Analytics Engineer
Eye Security is providing cybersecurity with embedded cyber insurance solutions for organizations in Europe. Headquartered in the Netherlands, we are already over 170 FTEs and continue to grow internationally.
We combine cutting-edge technology with hands-on expertise to detect, respond to, and recover from cyber threats in real time. Our team brings together talent from intelligence, military, tech, and consulting backgrounds — all united by a shared mission: to make enterprise-grade cybersecurity accessible to every business, not just the big players.
At Eye, you'll work on projects with an international footprint, solving real-world challenges and helping to build a safer digital future for our clients.
We are looking for an Analytics Engineer (f/m/x) to join our data team and help turn Eye Security's data into decisions that move the business. You will work alongside our senior data and analytics engineers to build and maintain the analytics layer that teams across the company rely on every day.
This is a role focused on solid execution and continuous growth. You will own well-scoped analytics projects end-to-end, partner directly with business stakeholders, and grow into broader ownership over time with direct mentorship from the senior engineers on the team.
You will be part of a small, focused data team that treats analytics as a product. Our goal is not just technically correct models but ones that actually impact how the business makes decisions.
What you will do
- Design, build, and maintain dbt models that power the dashboards and metrics the business runs on.
- Partner with stakeholders across the business to clarify what they actually need — not just what they asked for — and translate it into reliable analytics products.
- Build and improve Metabase dashboards and questions, and help drive self-serve adoption across the company.
- Help raise the bar on our modeling standards: naming, testing, documentation, and how we layer the warehouse.
- Debug data quality issues end-to-end. When a model fails or a stakeholder reports inaccuracies you own the debugging from source system through transformation to the dashboard a stakeholder is staring at.

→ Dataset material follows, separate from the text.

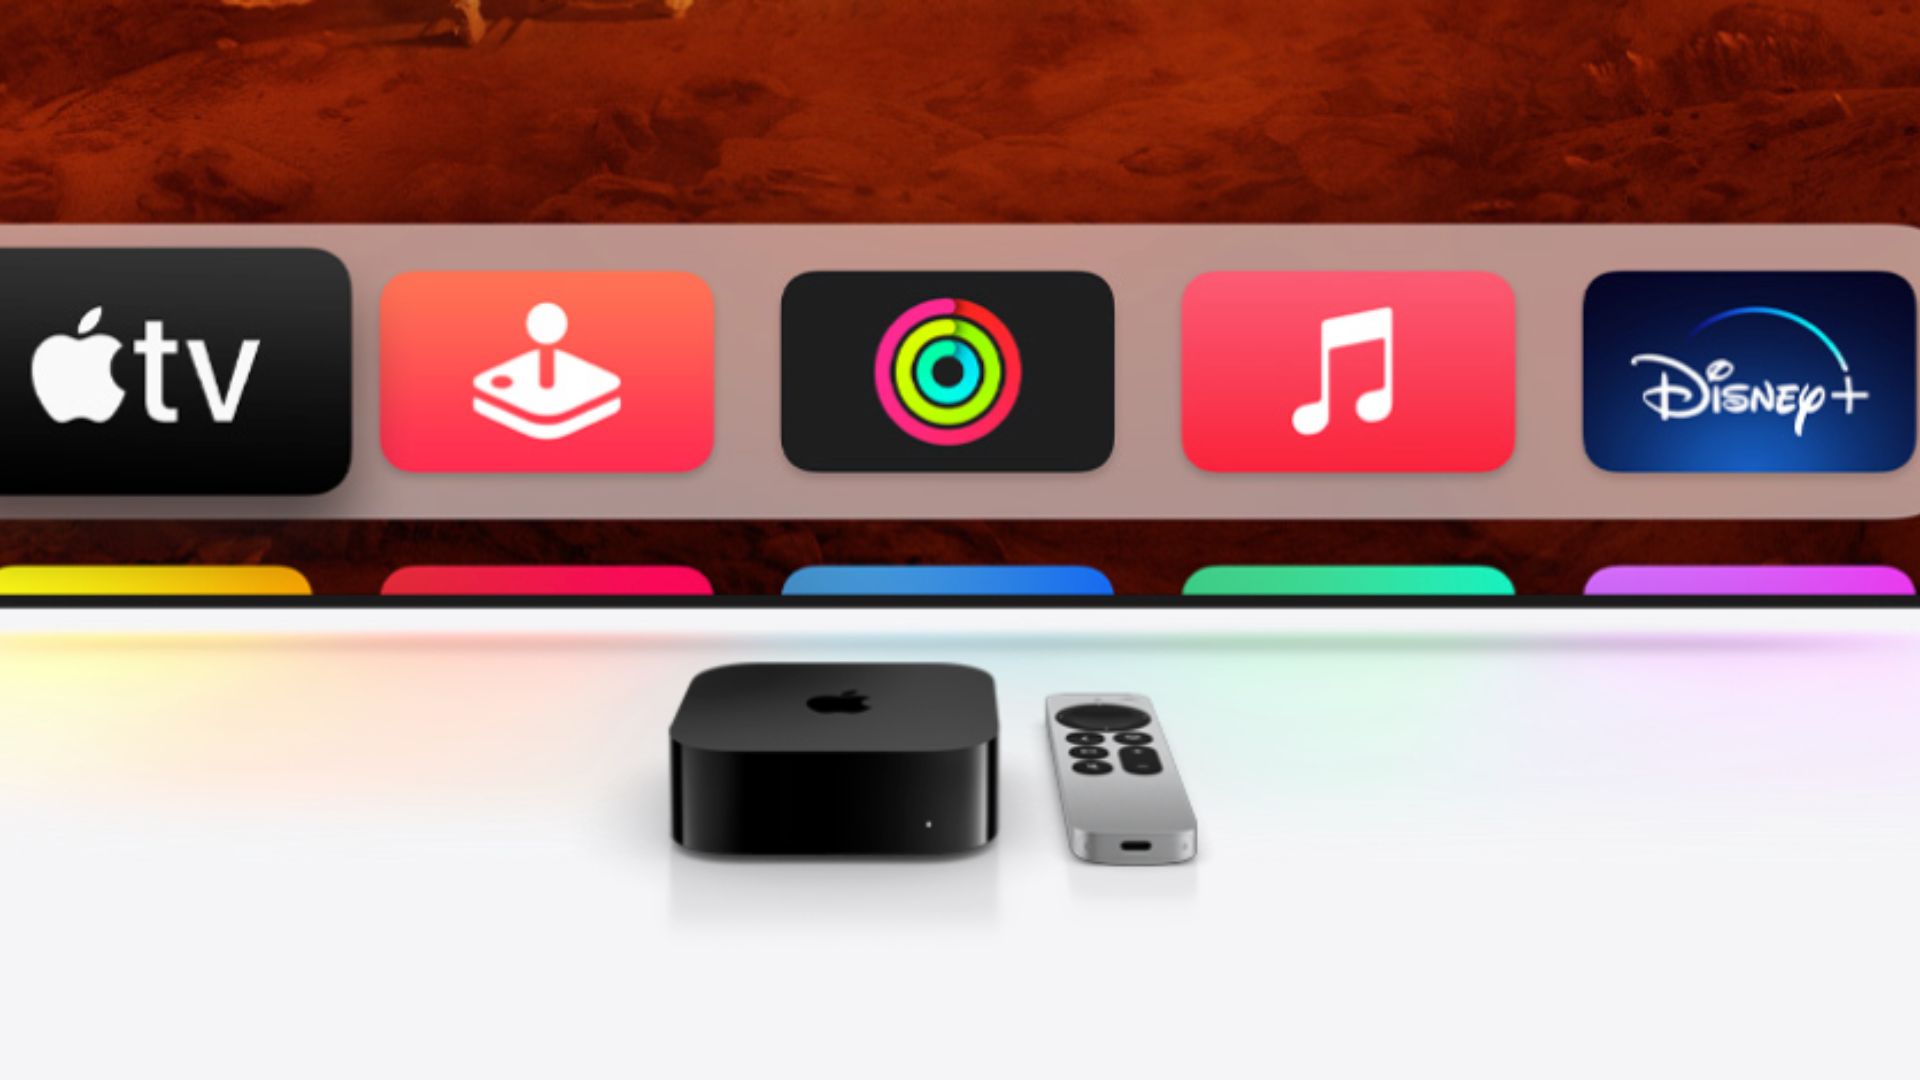 ned tvilling tøj Apple TV 4K 2022: Specs, price, model differences, release date and more |  iMore

- Participate in design discussions, pair with senior engineers, and learn how we make technical decisions.
- Play an active role in onboarding new colleagues, and mentor more junior engineers as the team grows.
What you will need
- 3–5 years of hands-on experience in analytics engineering, BI engineering, or a similar data role.

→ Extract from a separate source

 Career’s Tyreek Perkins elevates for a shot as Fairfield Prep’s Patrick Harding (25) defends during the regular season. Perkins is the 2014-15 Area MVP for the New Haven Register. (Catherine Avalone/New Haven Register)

- Strong SQL. You can write clean, performant queries, debug someone else's, and structure models others can build on without wincing.

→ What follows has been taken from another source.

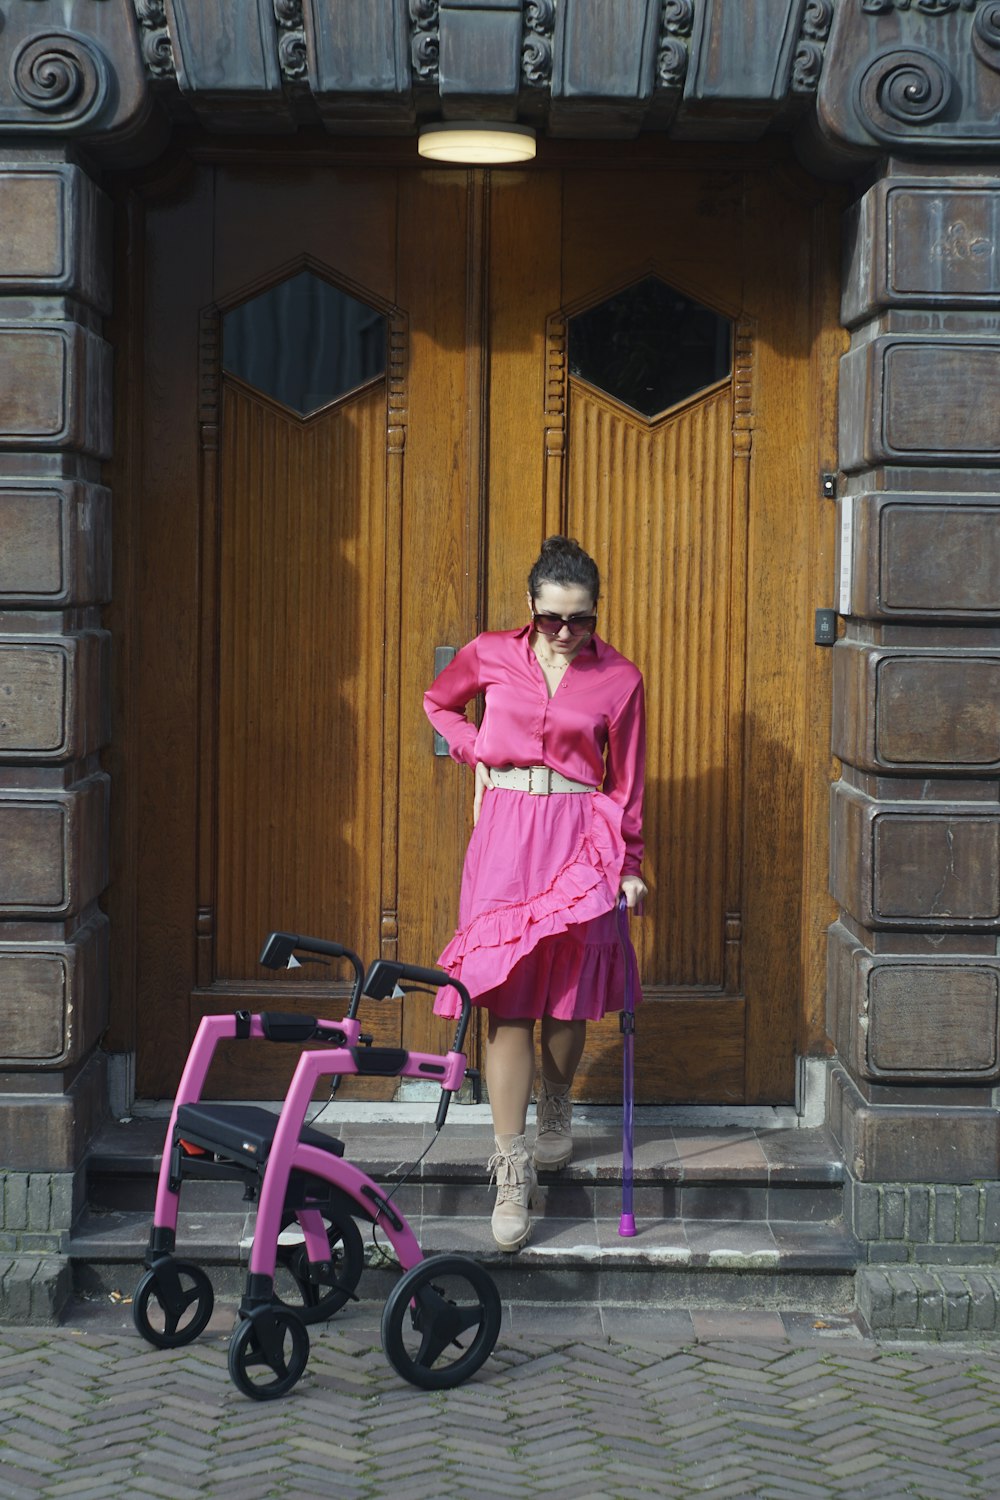 a woman in a pink dress standing in front of a door

- Working proficiency with dbt. You understand model layering, tests, macros, and how to keep a project maintainable past the first six months.
- Solid grasp of data modeling principles (dimensional modeling, SCDs, grain) and the judgment to know when to follow them and when not to.
- Comfortable with a modern cloud warehouse (we use Snowflake). You can read a query plan well enough to know why something is slow.
- Experience building dashboards in a BI tool (we use Metabase). You can tell a useful dashboard from a decorative one.
- Comfortable working in a Git-based workflow. Branching, reviewing, and merging without drama.
- Ability to work directly with non-technical stakeholders. You ask clarifying questions when requirements are vague rather than guessing and rebuilding later.
- Strong debugging instincts. You can take a report like "the revenue number looks off" and actually chase it back to the source.
- Ability to work independently on well-scoped tasks and communicate progress without being chased.
- Good written and verbal English; comfort working across multiple stakeholder teams.
- Comfort in a scale-up environment where priorities shift and context evolves.
Nice to have
- Python for ingestion of data, transformation, ad-hoc analysis, or scripting.
- Practical understanding of LLMs and agent-based workflows. You've used them for real work, not just demos, and have a sense of where they help and where they don't.
- Experience with a data glossary, catalog, or metric layer tool.